Beginning with the line containing "タイヤ空気圧センサー C270 タイヤ空気圧モニター" and going on through the line containing "Lit Superposé 3", the lines below are to be returned exactly, pictures excluded and nothing added.
(Beginning of Data for the task)
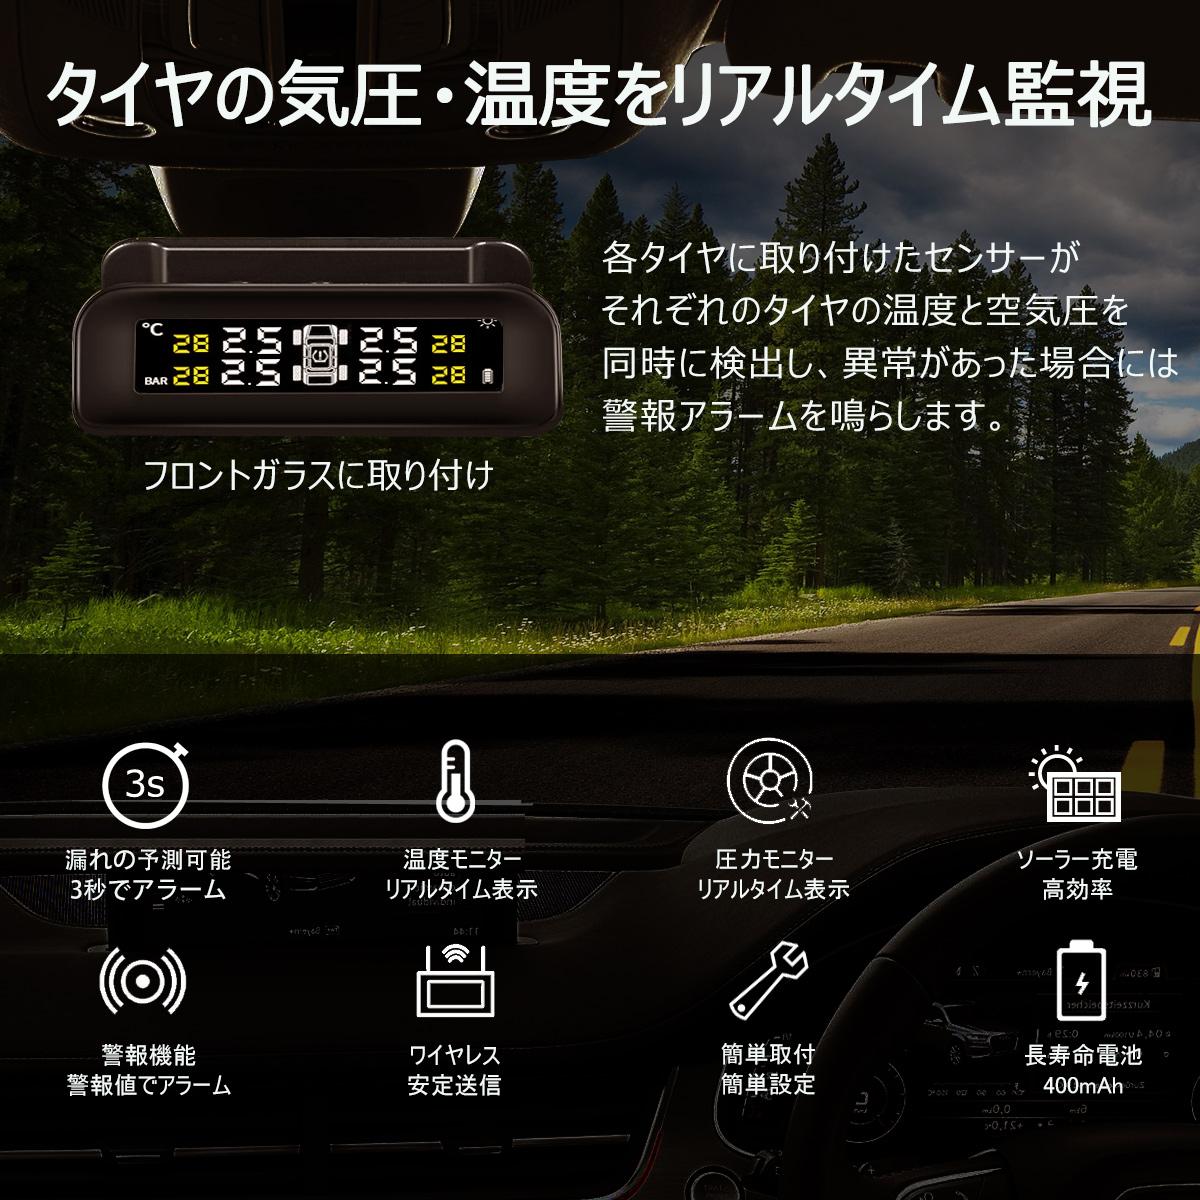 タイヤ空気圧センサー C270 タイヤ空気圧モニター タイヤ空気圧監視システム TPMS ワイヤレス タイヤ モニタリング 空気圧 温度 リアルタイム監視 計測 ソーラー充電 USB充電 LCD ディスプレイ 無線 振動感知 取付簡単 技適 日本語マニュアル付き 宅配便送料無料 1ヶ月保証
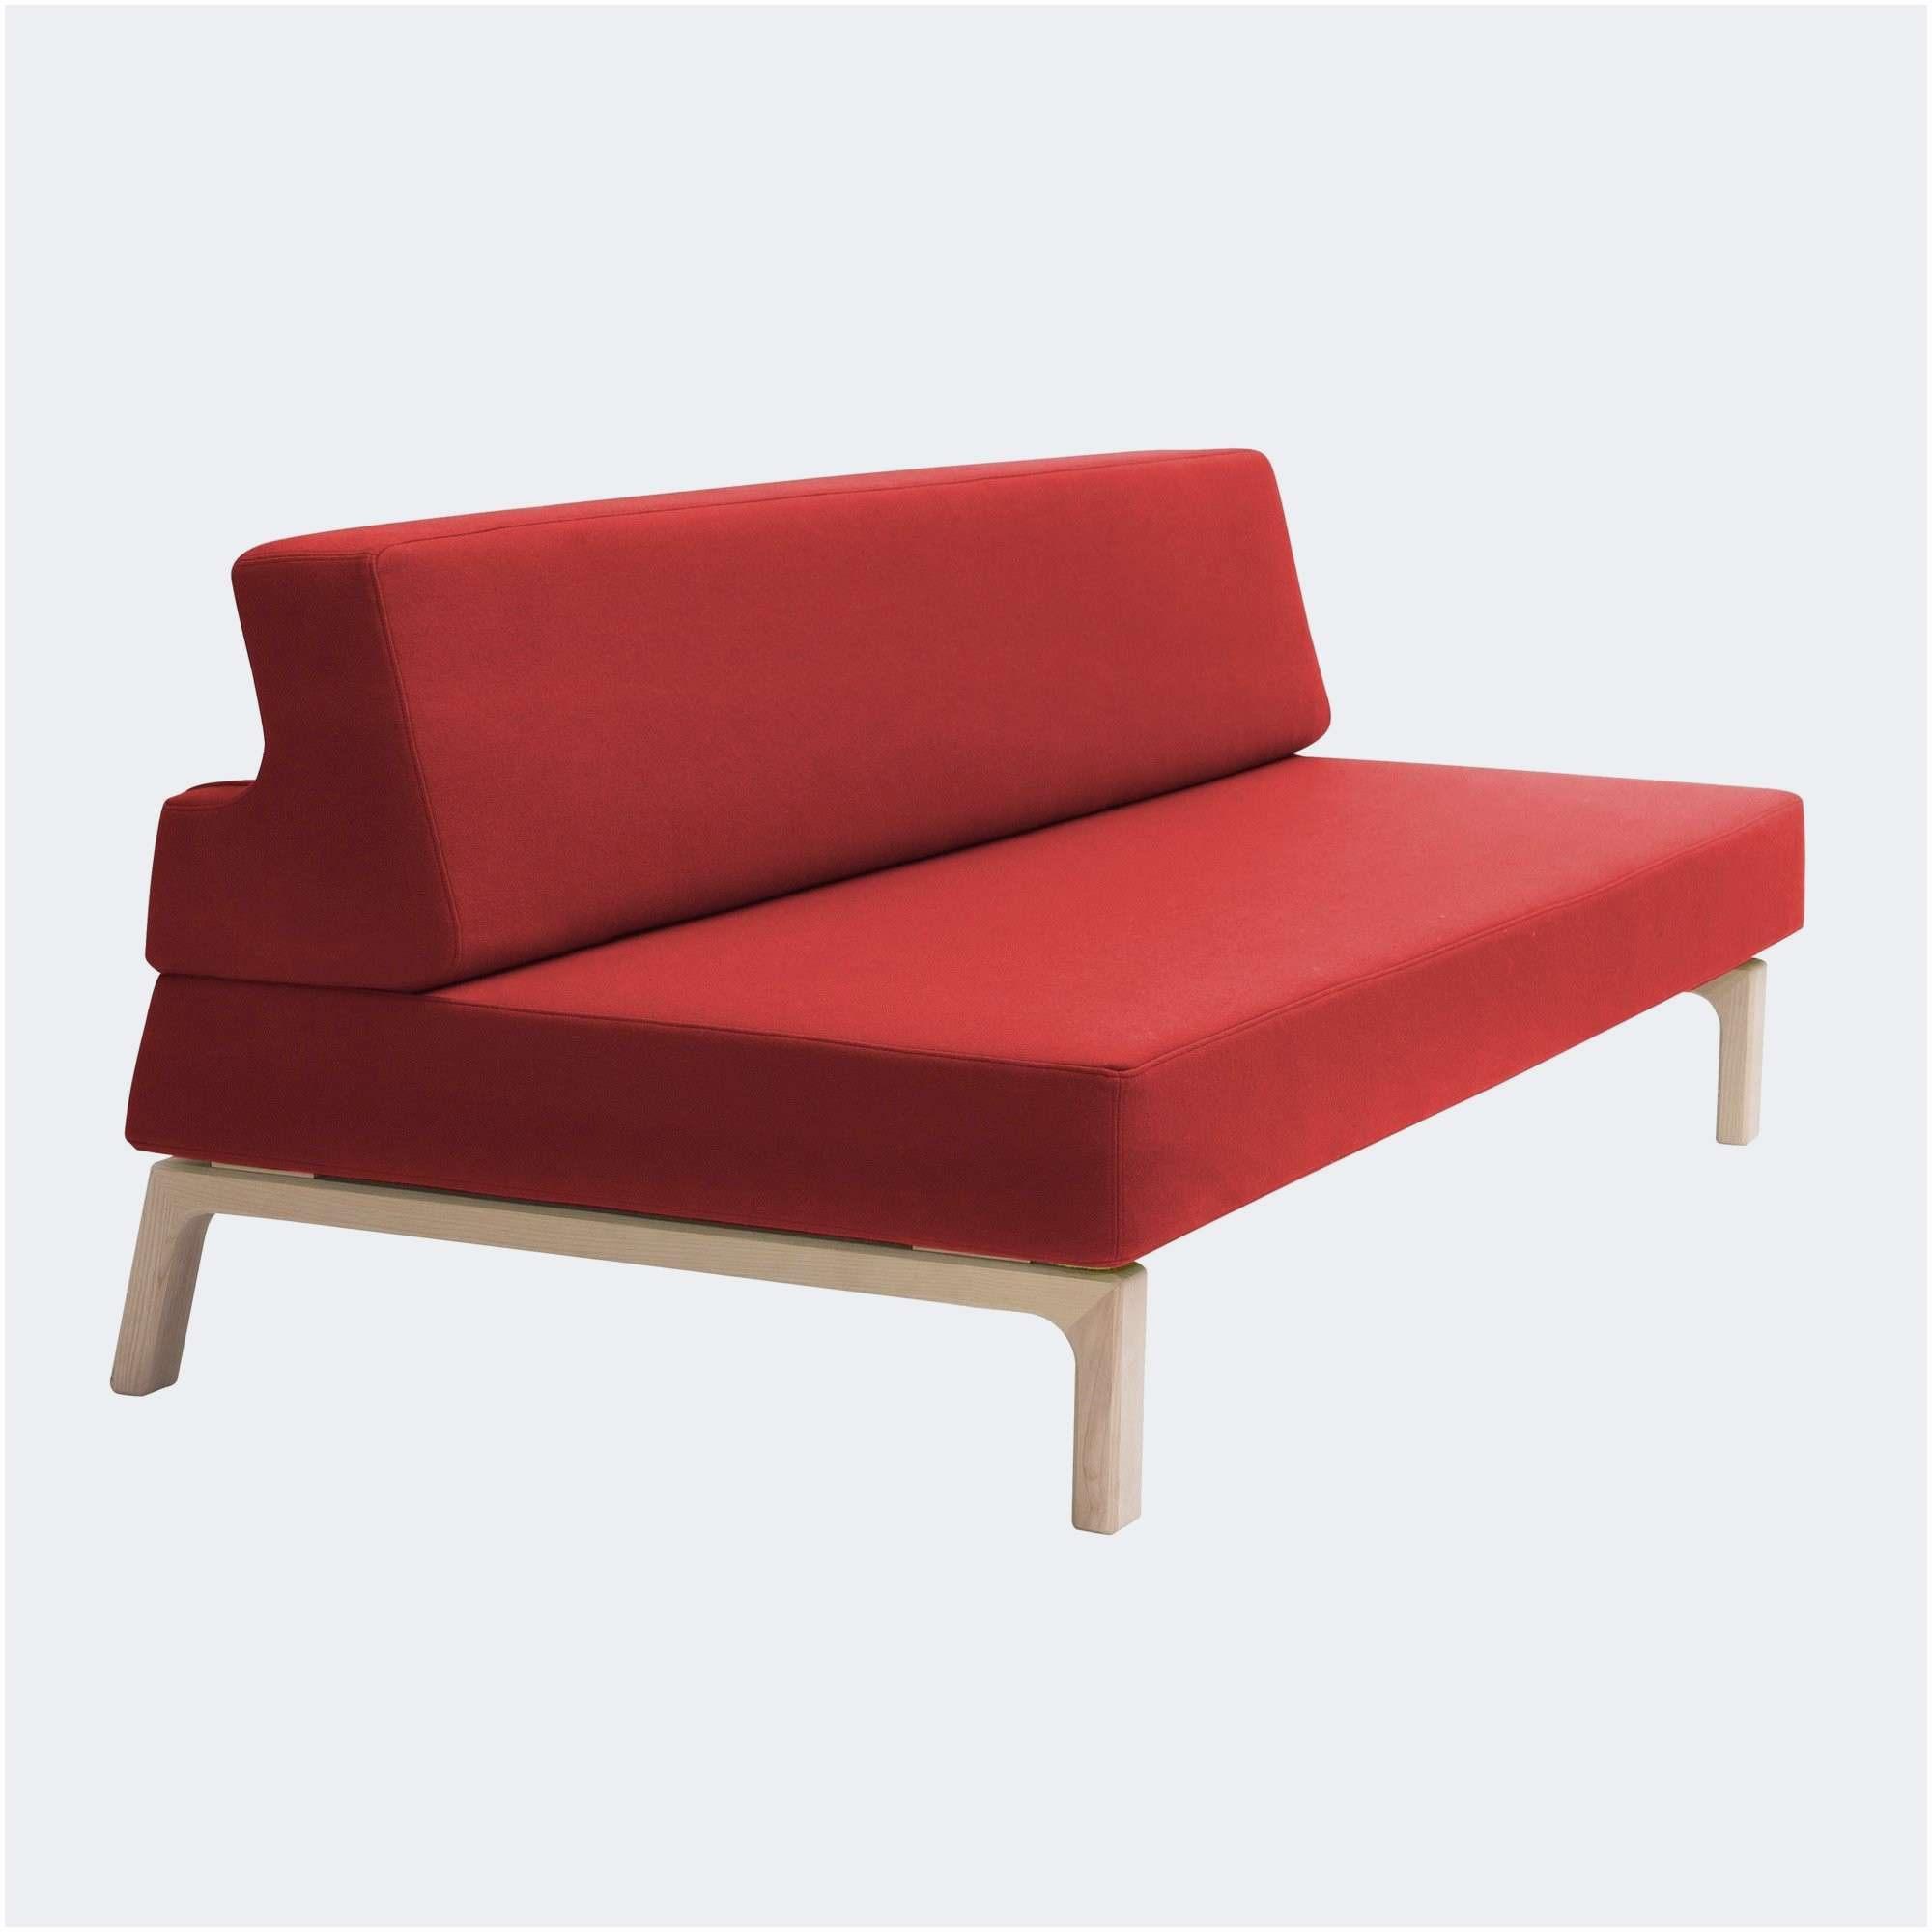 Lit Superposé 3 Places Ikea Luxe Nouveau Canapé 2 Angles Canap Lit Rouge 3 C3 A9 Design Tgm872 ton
(End of Data for the task)
(Beginning of Data for the task)
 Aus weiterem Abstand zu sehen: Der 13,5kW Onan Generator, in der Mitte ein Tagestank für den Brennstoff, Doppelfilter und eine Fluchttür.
(End of Data for the task)
**Response for this exercise**
 タイヤ空気圧センサー C270 タイヤ空気圧モニター タイヤ空気圧監視システム TPMS ワイヤレス タイヤ モニタリング 空気圧 温度 リアルタイム監視 計測 ソーラー充電 USB充電 LCD ディスプレイ 無線 振動感知 取付簡単 技適 日本語マニュアル付き 宅配便送料無料 1ヶ月保証
 Lit Superposé 3 Places Ikea Luxe Nouveau Canapé 2 Angles Canap Lit Rouge 3 C3 A9 Design Tgm872 ton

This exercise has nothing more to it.